Maruyama Hironori, Okada Kosuke, Motoyoshi Isamu
Department of Life Sciences, The University of Tokyo, Japan.
Iperception. 2023 Feb 22;14(1):20416695231157349. doi: 10.1177/20416695231157349. eCollection 2023 Jan-Feb.
The natural environment is filled with a variety of auditory events such as wind blowing, water flowing, and fire crackling. It has been suggested that the perception of such textural sounds is based on the statistics of the natural auditory events. Inspired by a recent spectral model for visual texture perception, we propose a model that can describe the perceived sound texture only with the linear spectrum and the energy spectrum. We tested the validity of the model by using synthetic noise sounds that preserve the two-stage amplitude spectra of the original sound. Psychophysical experiment showed that our synthetic noises were perceived as like the original sounds for 120 real-world auditory events.
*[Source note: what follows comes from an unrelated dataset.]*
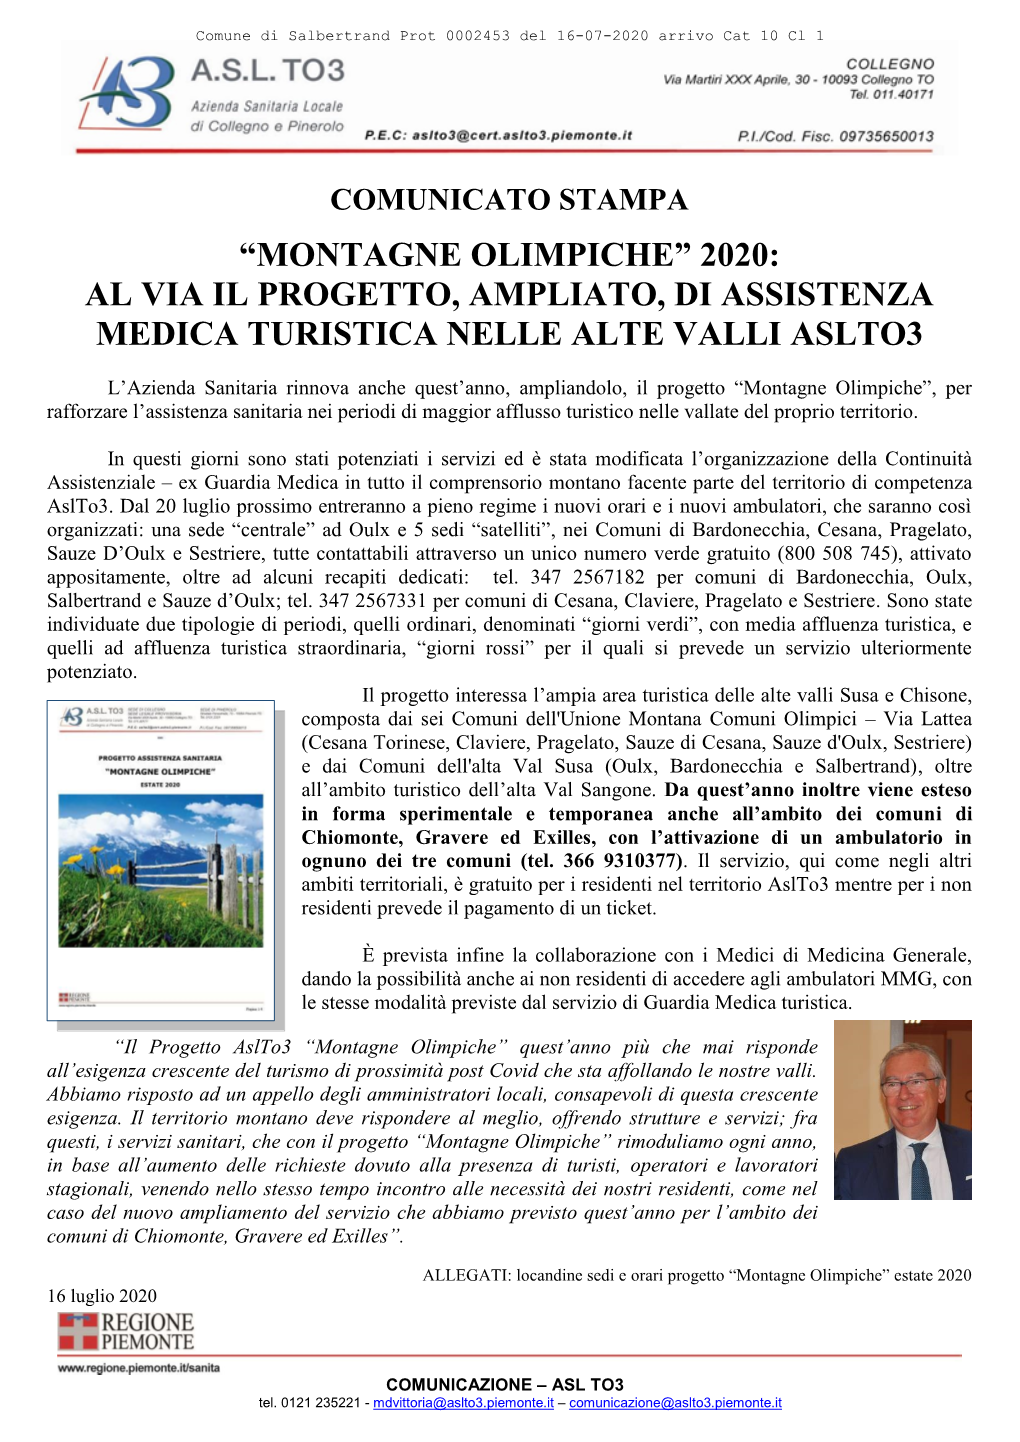 Montagne Olimpiche” 2020: Al Via Il Progetto, Ampliato, Di Assistenza Medica Turistica Nelle Alte Valli Aslto3

The performance was comparable with the synthetic sounds produced by McDermott-Simoncelli's model which considers various classes of auditory statistics. The results support the notion that the perception of natural sound textures is predictable by the two-stage spectral signals.
自然环境中充满了各种听觉事件,如风吹、水流和火的噼啪声。有人提出,对这种纹理声音的感知是基于自然听觉事件的统计数据。受最近视觉纹理感知光谱模型的启发,我们提出了一种仅用线性谱和能谱来描述感知到的声音纹理的模型。我们通过使用保留原始声音两阶段振幅谱的合成噪声声音来测试该模型的有效性。心理物理学实验表明,对于120个真实世界的听觉事件,我们的合成噪声被感知为与原始声音相似。该性能与考虑各种听觉统计类别的麦克德莫特 - 西蒙切利模型产生的合成声音相当。结果支持了自然声音纹理的感知可由两阶段光谱信号预测的观点。